Your task
Given the records below, the lines starting at the line with "Nelly thigh high" and ending at the line with "Os Rodinhas img-20170308-wa0006" should be output exactly, both end lines kept and pictures left out.

Material provided
* * * * *

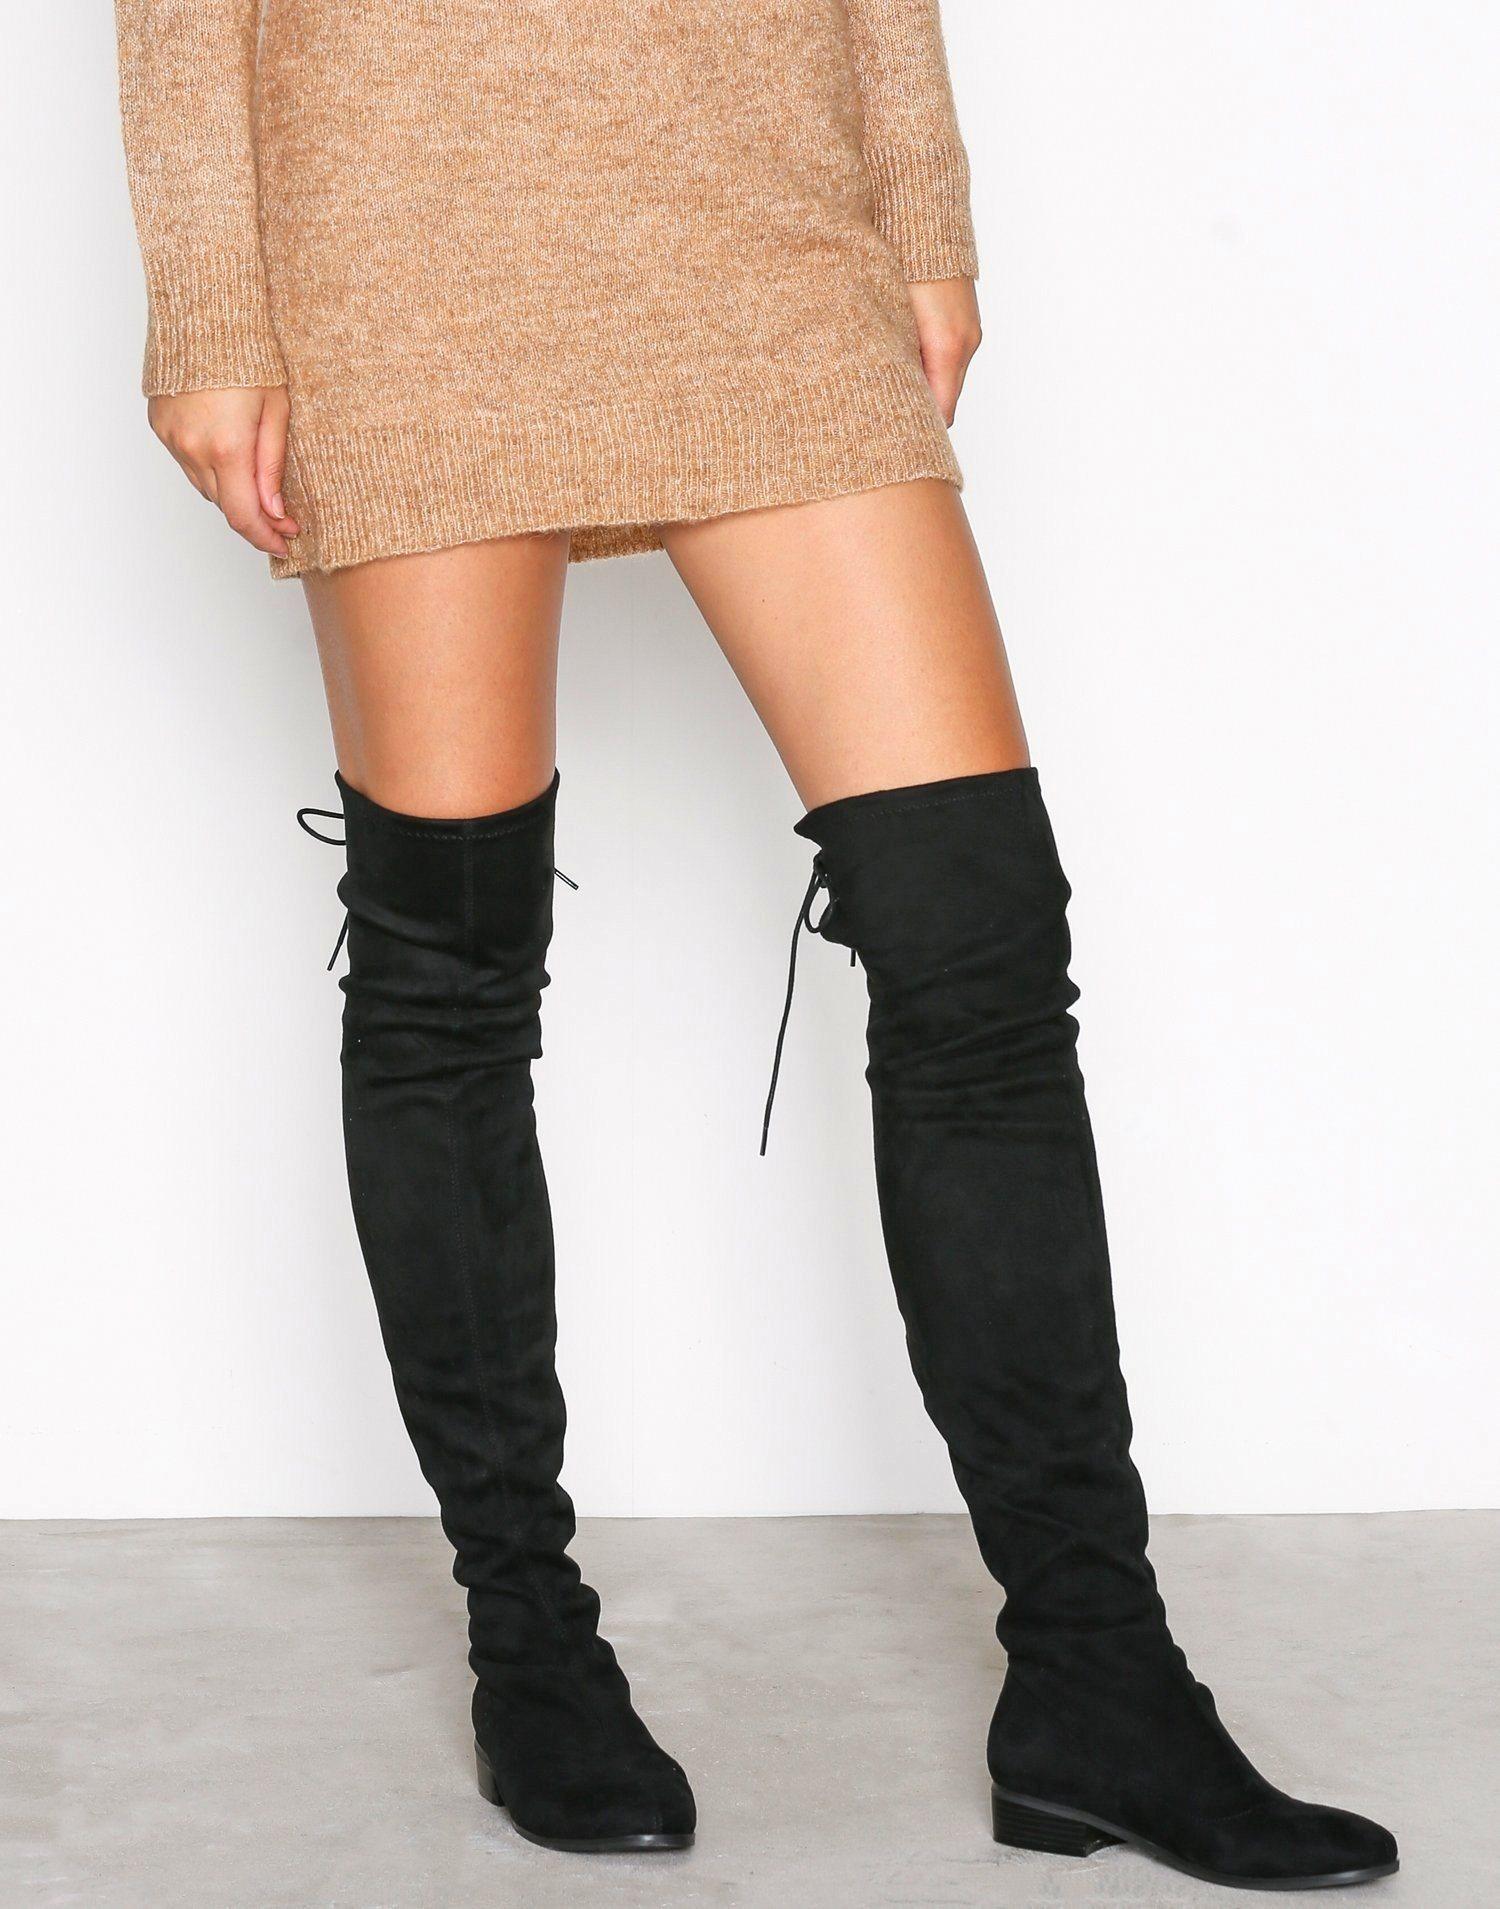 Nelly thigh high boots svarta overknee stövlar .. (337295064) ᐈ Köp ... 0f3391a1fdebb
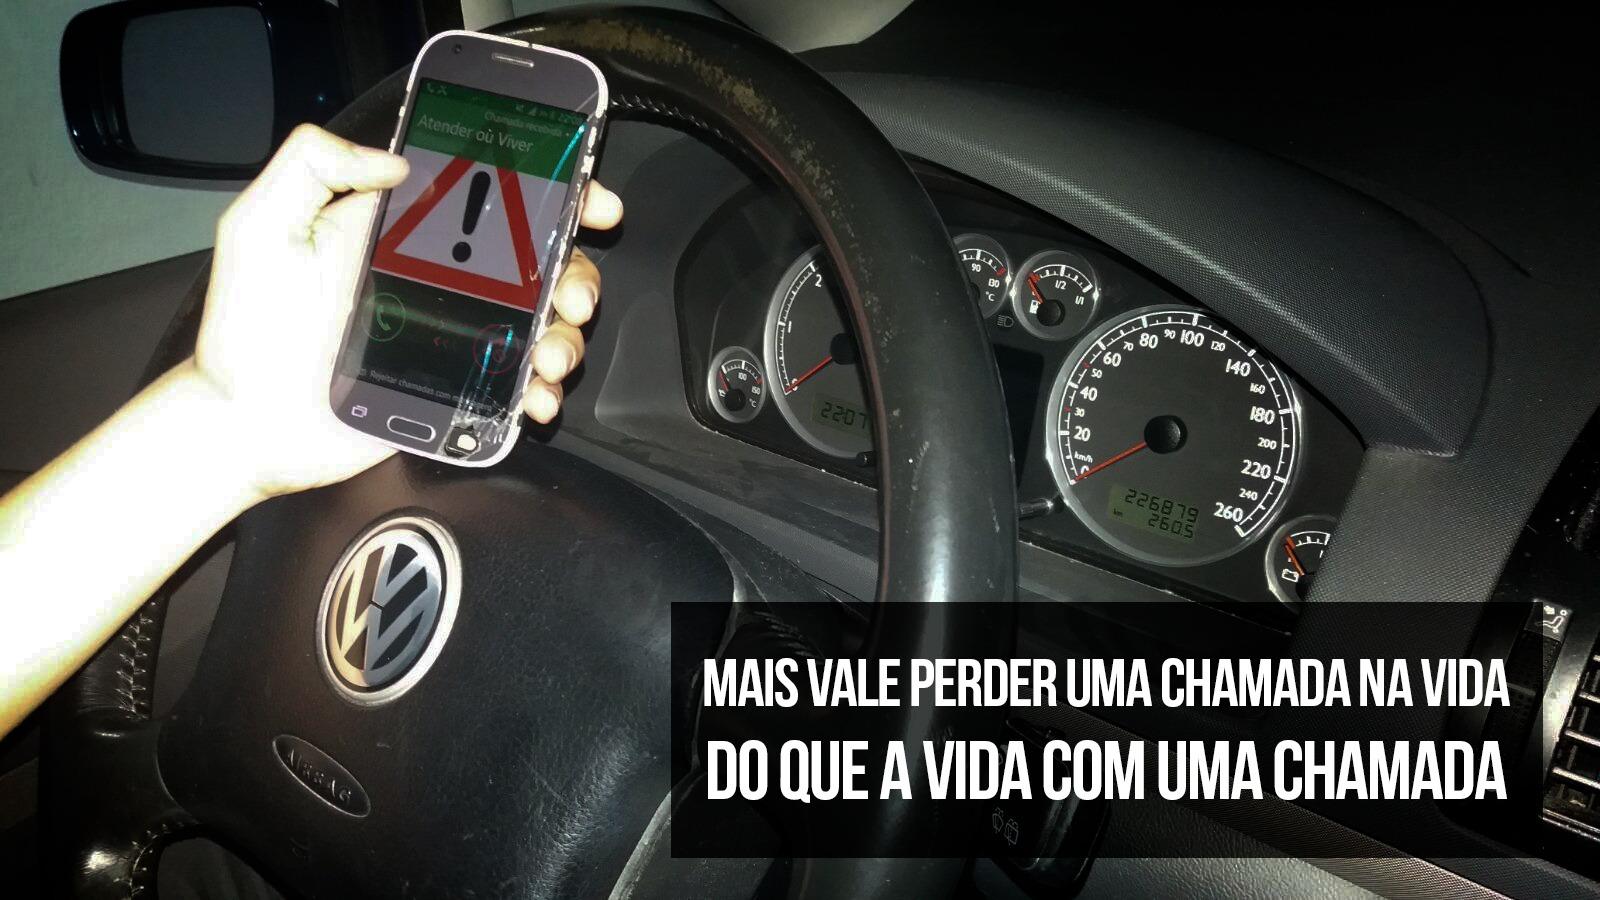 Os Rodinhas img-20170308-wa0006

* * * * *

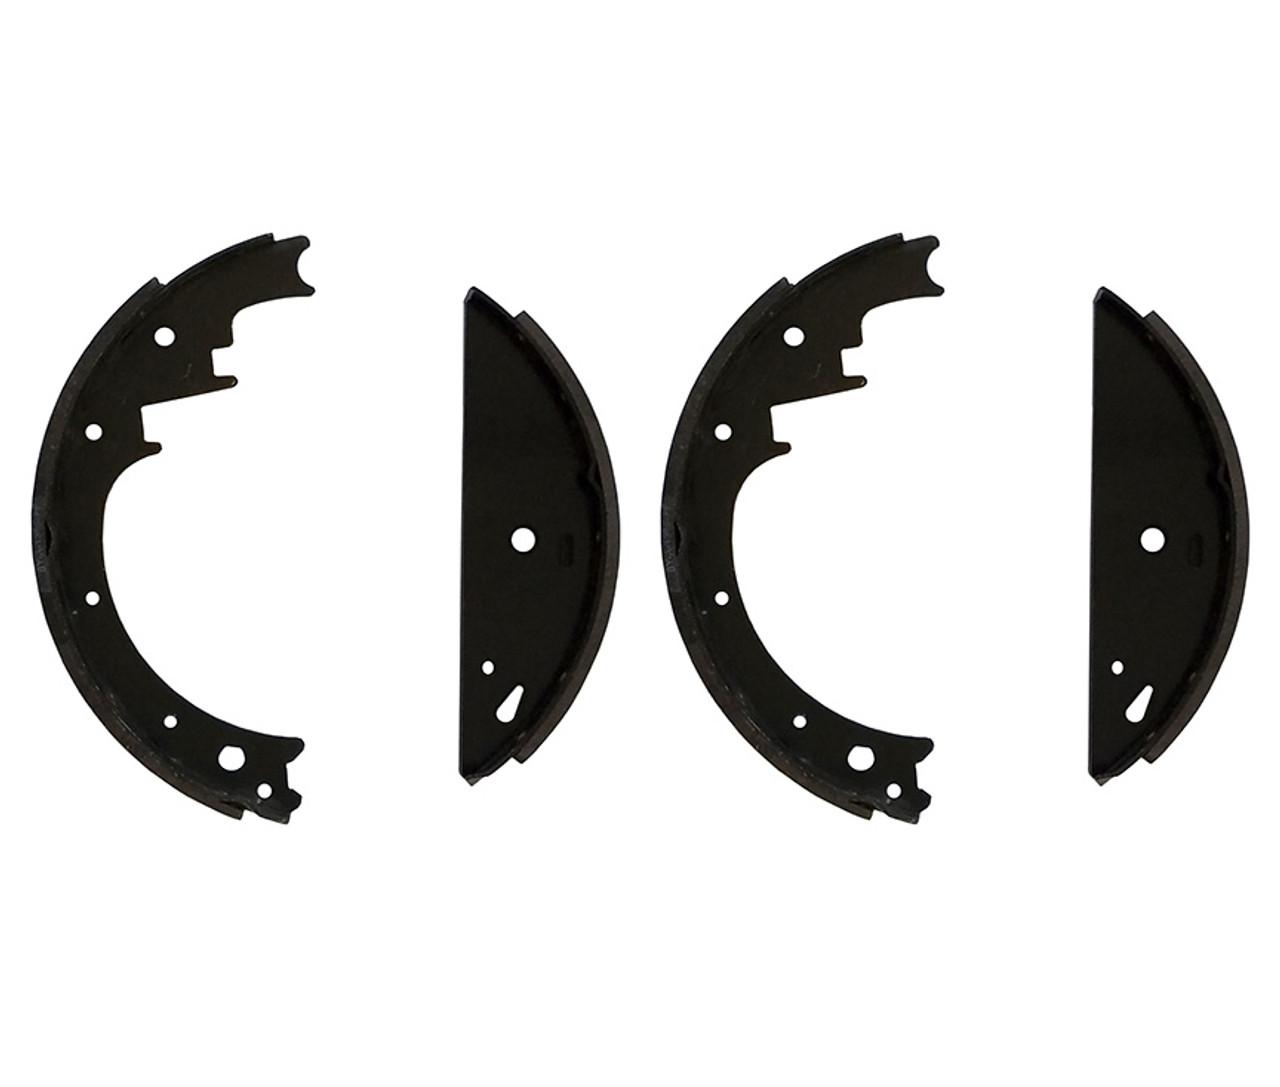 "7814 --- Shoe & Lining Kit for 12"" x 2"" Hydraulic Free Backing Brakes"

* * * * *

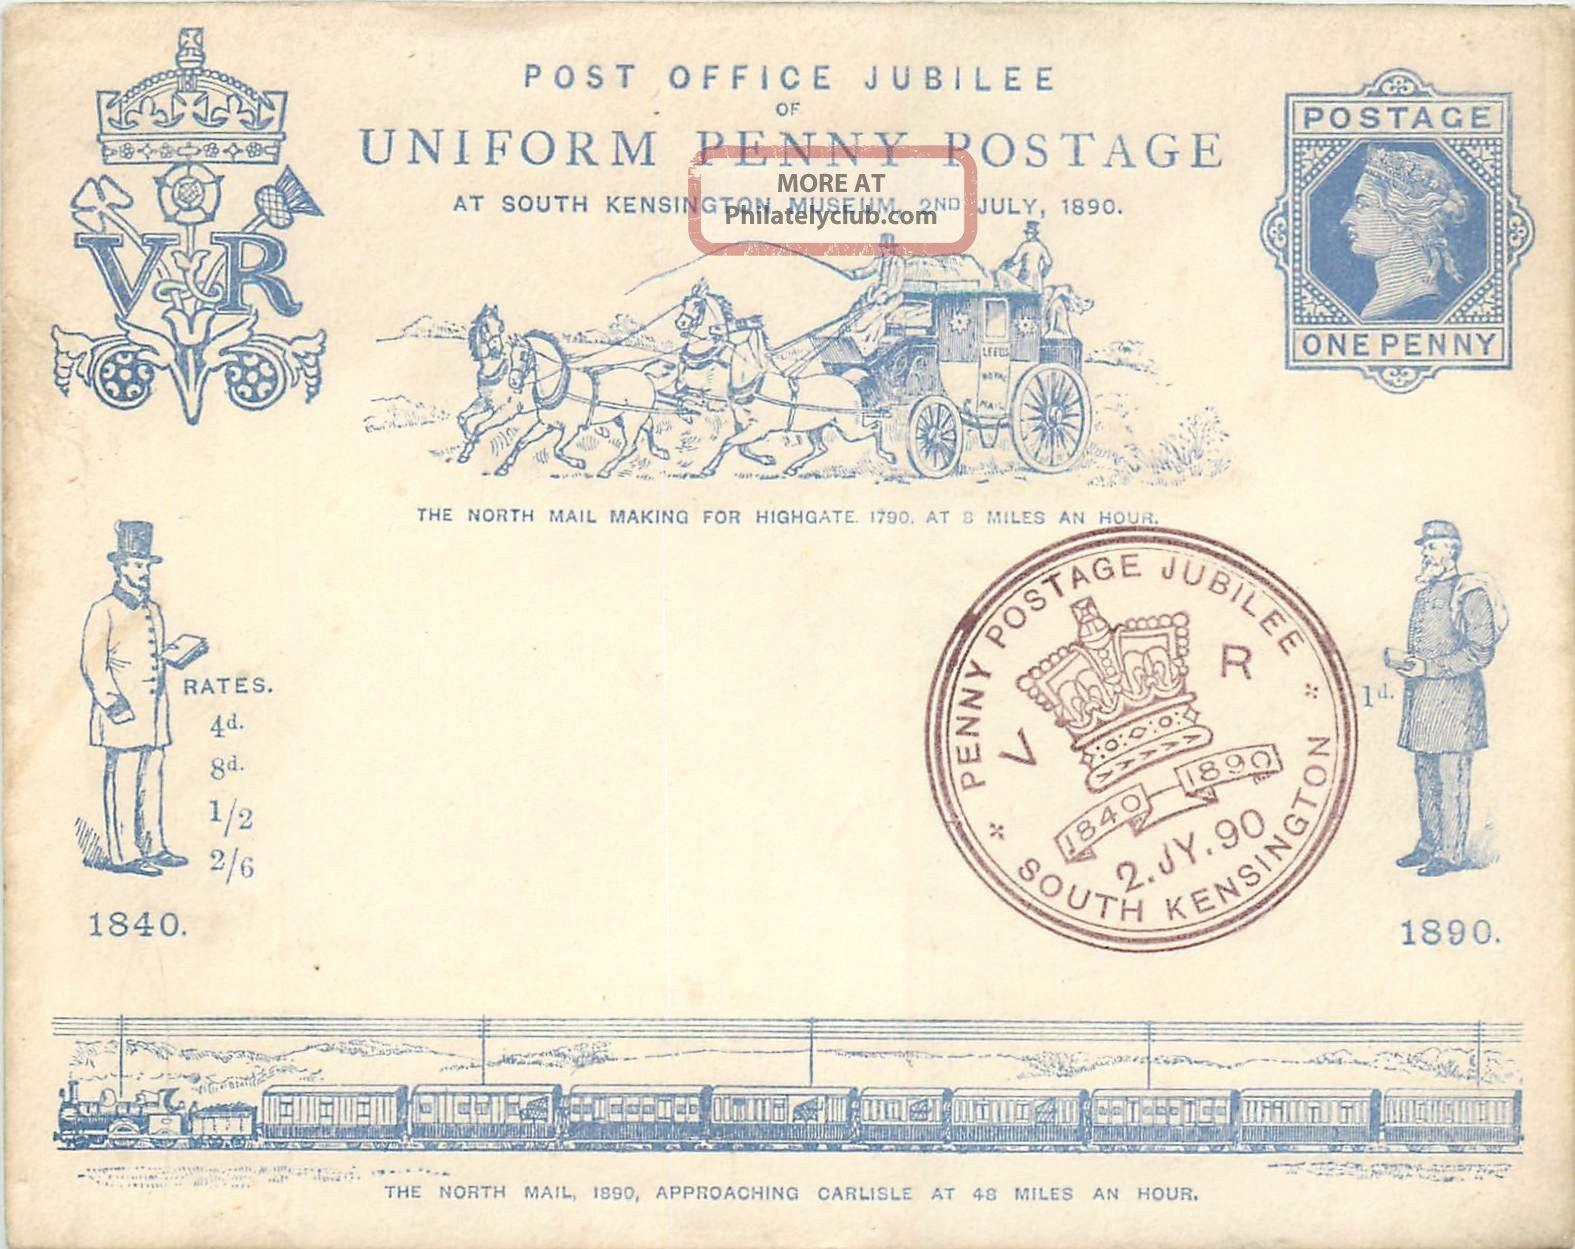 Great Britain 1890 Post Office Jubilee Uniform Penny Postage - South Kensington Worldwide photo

* * * * *

Your response
 Nelly thigh high boots svarta overknee stövlar .. (337295064) ᐈ Köp ... 0f3391a1fdebb
 Os Rodinhas img-20170308-wa0006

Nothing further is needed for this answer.